Property owners pay taxes at a general rate of 1% of their assessed valuation set by Proposition 13 and additional levies for voter-approved bonds that can raise the rate to just under 2% in some areas.
Using GIS analysis, The Times calculated the number of tax-paying parcels destroyed or damaged at 10,699. That includes 37 schools, churches and hospitals with a combined valuation of $5.2 billion for their improvements.
More than four dozen public agencies will bear the burden of the lost taxes.
A Times analysis of Los Angeles Auditor-Controller data shows that just over half of that loss will hit 18 school and community college districts including Los Angeles, Santa Monica-Malibu and Pasadena.
Los Angeles County will lose the largest share, about $13 million per year, and the city of Los Angeles stands to lose $9 million per year — small fractions of each agency’s budget.
Taxing jurisdictions that have voter-approved bonds, including the Los Angeles Community College District and the city of Pasadena, will lose funds earmarked for payments on that debt and may have to seek other sources to make payments.
In addition to the $61 million in outright losses, the agencies will have to weather delays in receiving some of the taxes due on land as a result of Gov. Gavin Newsom’s order allowing property owners in several ZIP Codes affected by the fires to defer payments until April 2026.

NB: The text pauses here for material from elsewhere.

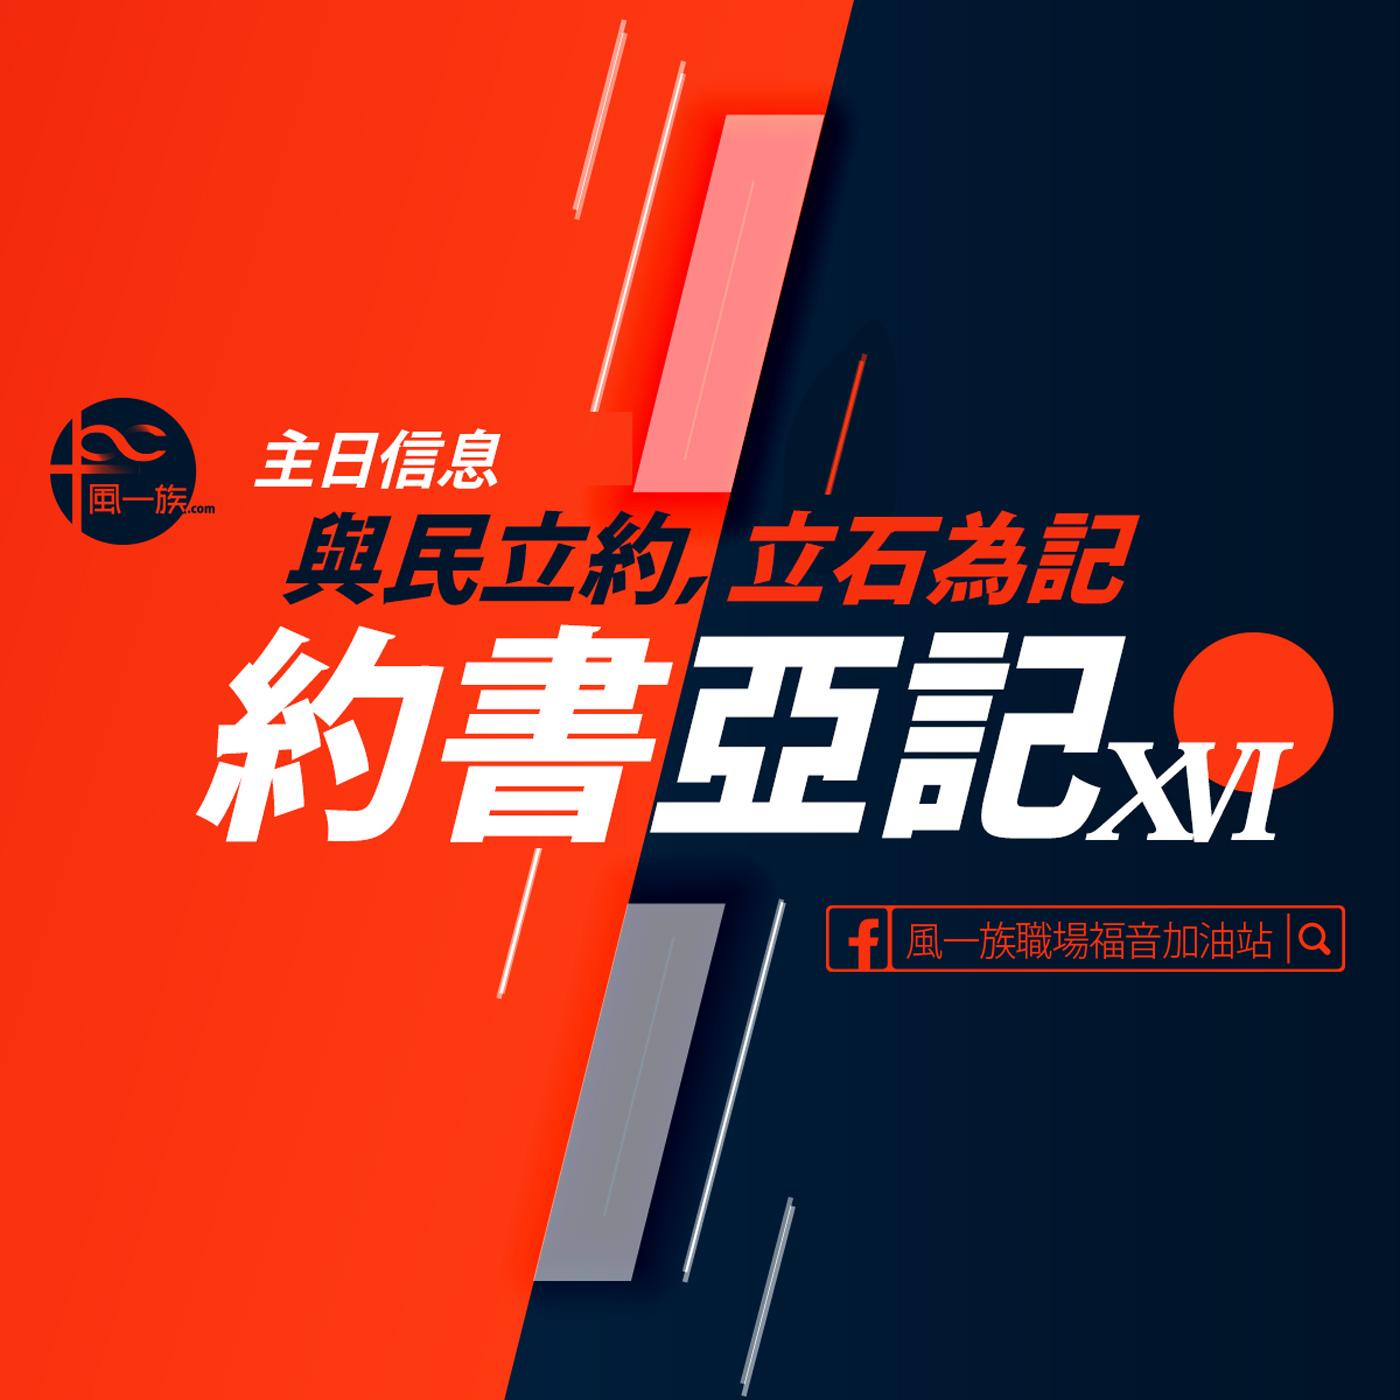 2021-07-11-約書亞記XVI【與民立約,立石為記】

For both property owners and the agencies their taxes fund, the road to normalcy could take years.
Based on the trajectory of property taxes after the 2018 Woolsey fire, Christine D.’s horizon of five or six years could be too optimistic.
A Times analysis of Assessor data shows that 83% of the improvement value was waived for the 1,462 buildings in Los Angeles County recorded by Cal Fire as destroyed in the Woolsey fire. By 2024, the combined valuation of those buildings had climbed back to only 52% of what it was in 2018, indicating that only about half the homes had been rebuilt.